Pasolini non aveva forse intravisto il mondo in cui oggi siamo immersi?  Per questo val la pena leggerlo e rileggerlo. E come Fondazione San Benedetto l’abbiamo messo più volte a tema negli incontri del Mese Letterario, già sin dalla prima edizione.
Sulla storia di Anna Laura Braghetti vi invitiamo invece a leggere l’articolo di Lucio Brunelli apparso sull’Osservatore Romano. Dopo aver ripercorso le sue tappe come terrorista, Brunelli sottolinea che poi in Braghetti maturò il pentimento: «Un pentimento graduale e autentico, quindi lancinante, consapevole del terribile male compiuto. E compiuto – questo il paradosso più drammatico di quella storia – in nome di un ideale di giustizia». Fino all’incontro in carcere con il fratello di Bachelet. «Da lui – raccontava Braghetti – ho avuto una grande energia per ricominciare, e un aiuto decisivo nel capire come e da dove potevo riprendere a vivere nel mondo e con gli altri. Ho capito di avere mancato, innanzitutto, verso la mia propria umanità, e di aver travolto per questo quella di altri. Non è stato un cammino facile».
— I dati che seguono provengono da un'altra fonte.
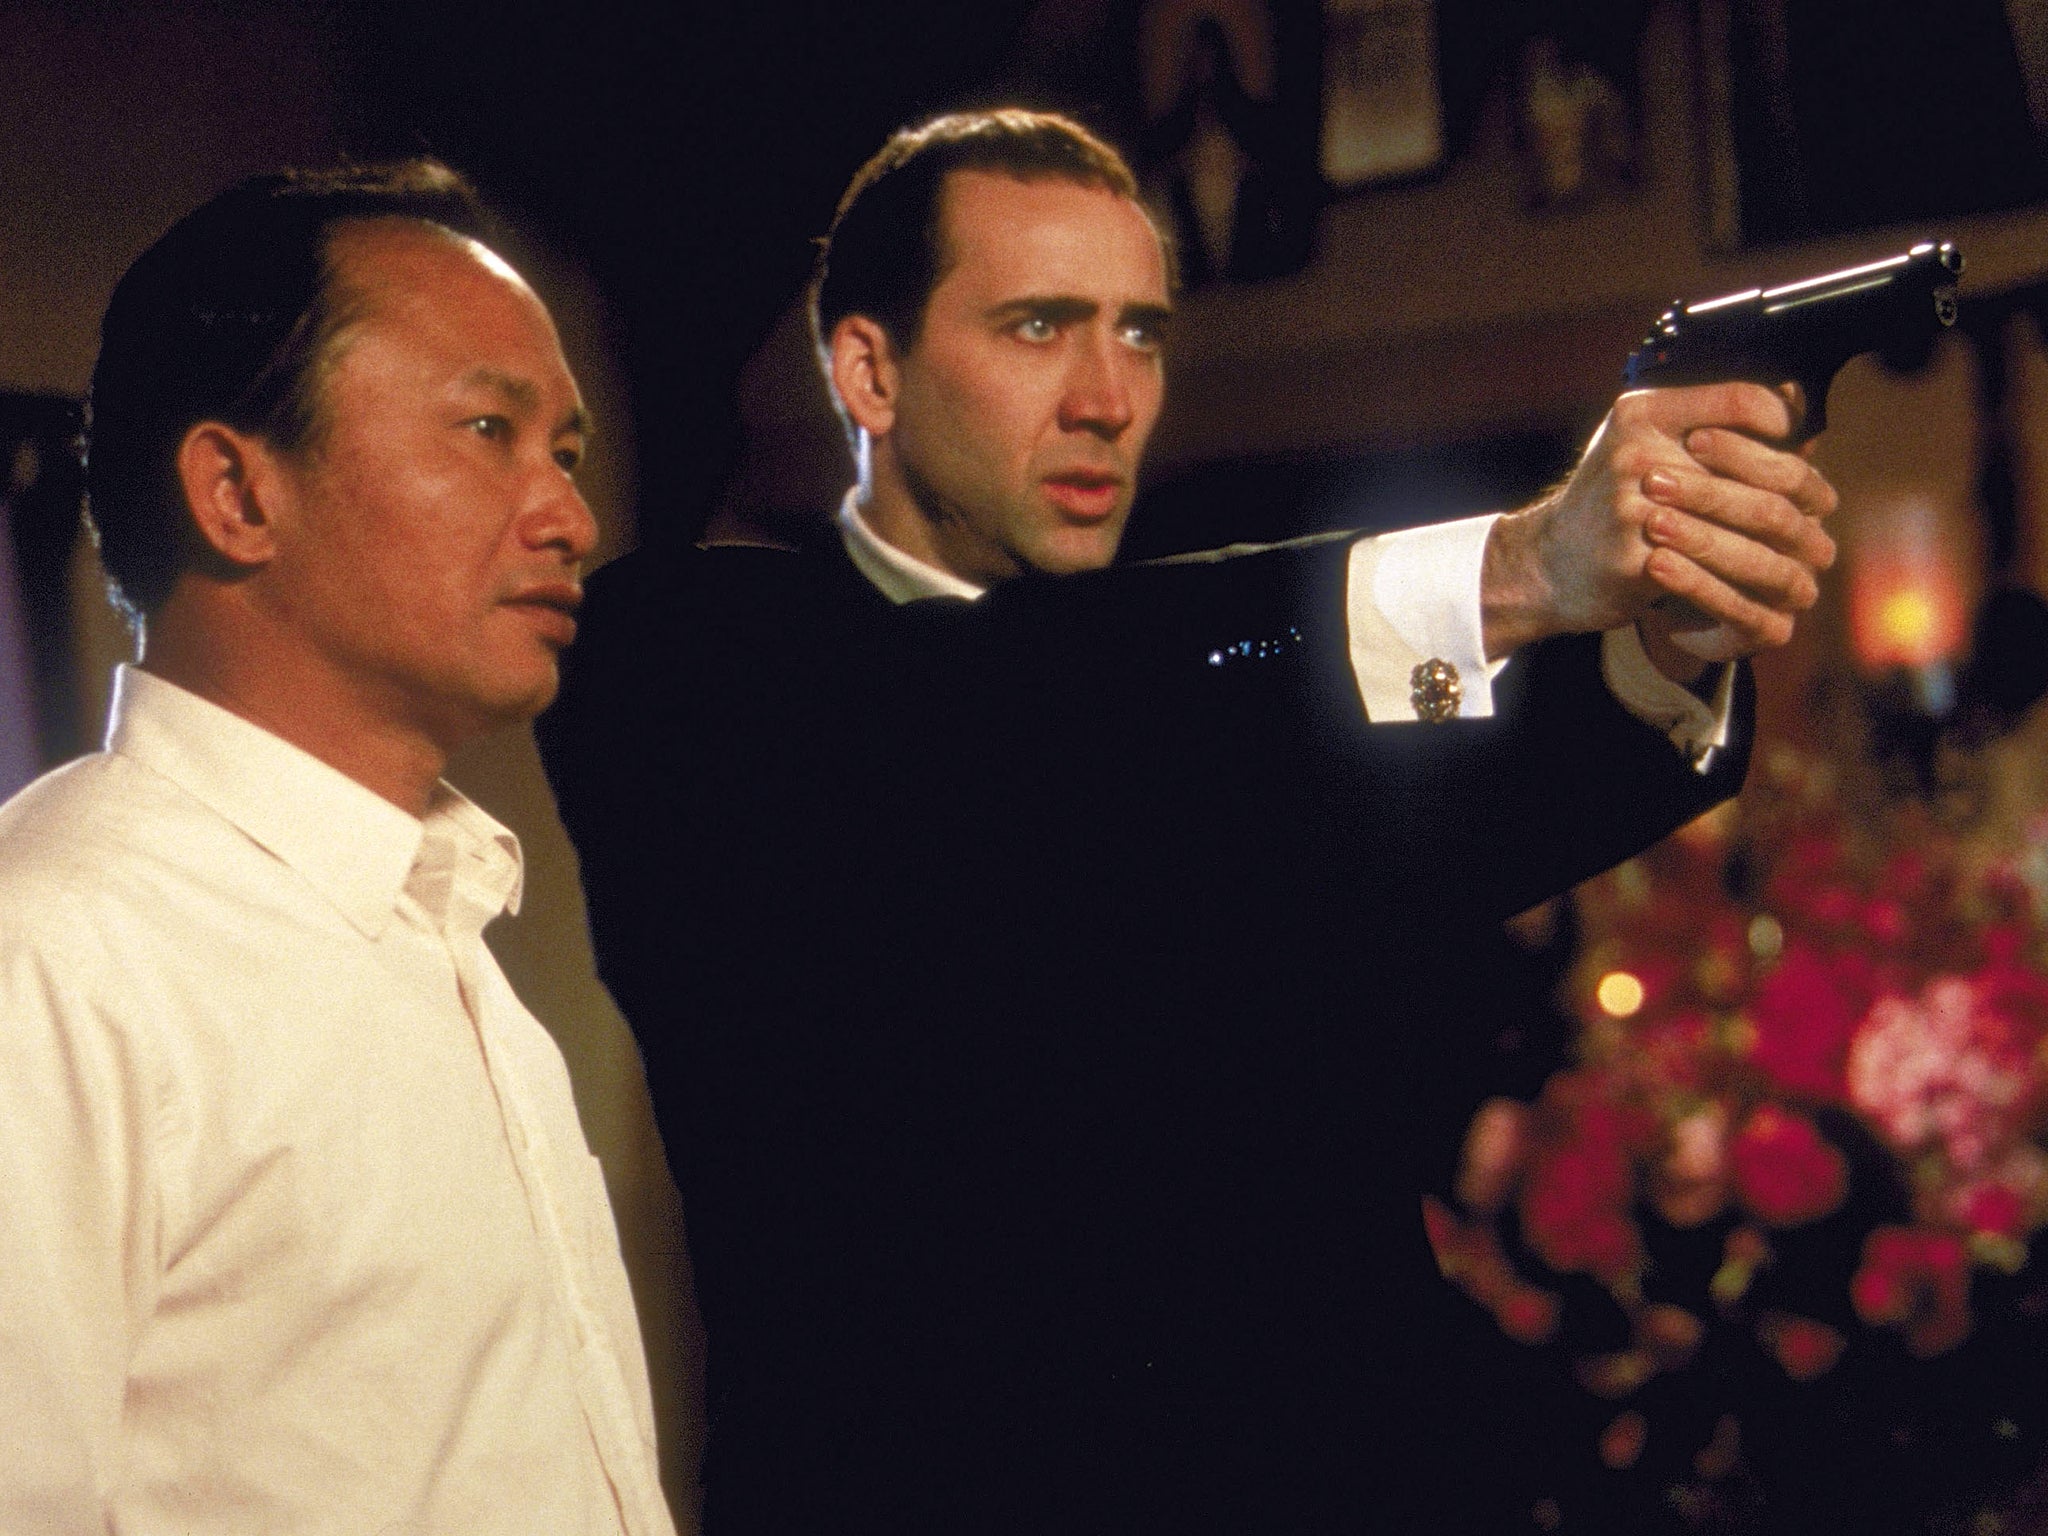 John Woo directs Nicolas Cage on the ‘Face/Off’ set

A un convegno sul carcere organizzato dalla Caritas, qualche tempo dopo – ricorda Brunelli -, «la Braghetti incontrò il figlio di Bachelet, Giovanni. Si riconobbero e si salutarono. Giovanni le disse: “Bisogna saper riaccogliere chi ha sbagliato”. Anna Laura commentò: “Lui e i suoi familiari sono stati capaci di farlo addirittura con me. Li ho danneggiati in modo irreparabile e ne ho avuto in cambio solo del bene”». Questa la conclusione di Brunelli: «Forse sono ingenuo o forse è la vecchiaia ma ogni volta che leggo queste pagine mi commuovo nel profondo. E penso che solo un Dio, e un Dio vivo, può fare miracoli così».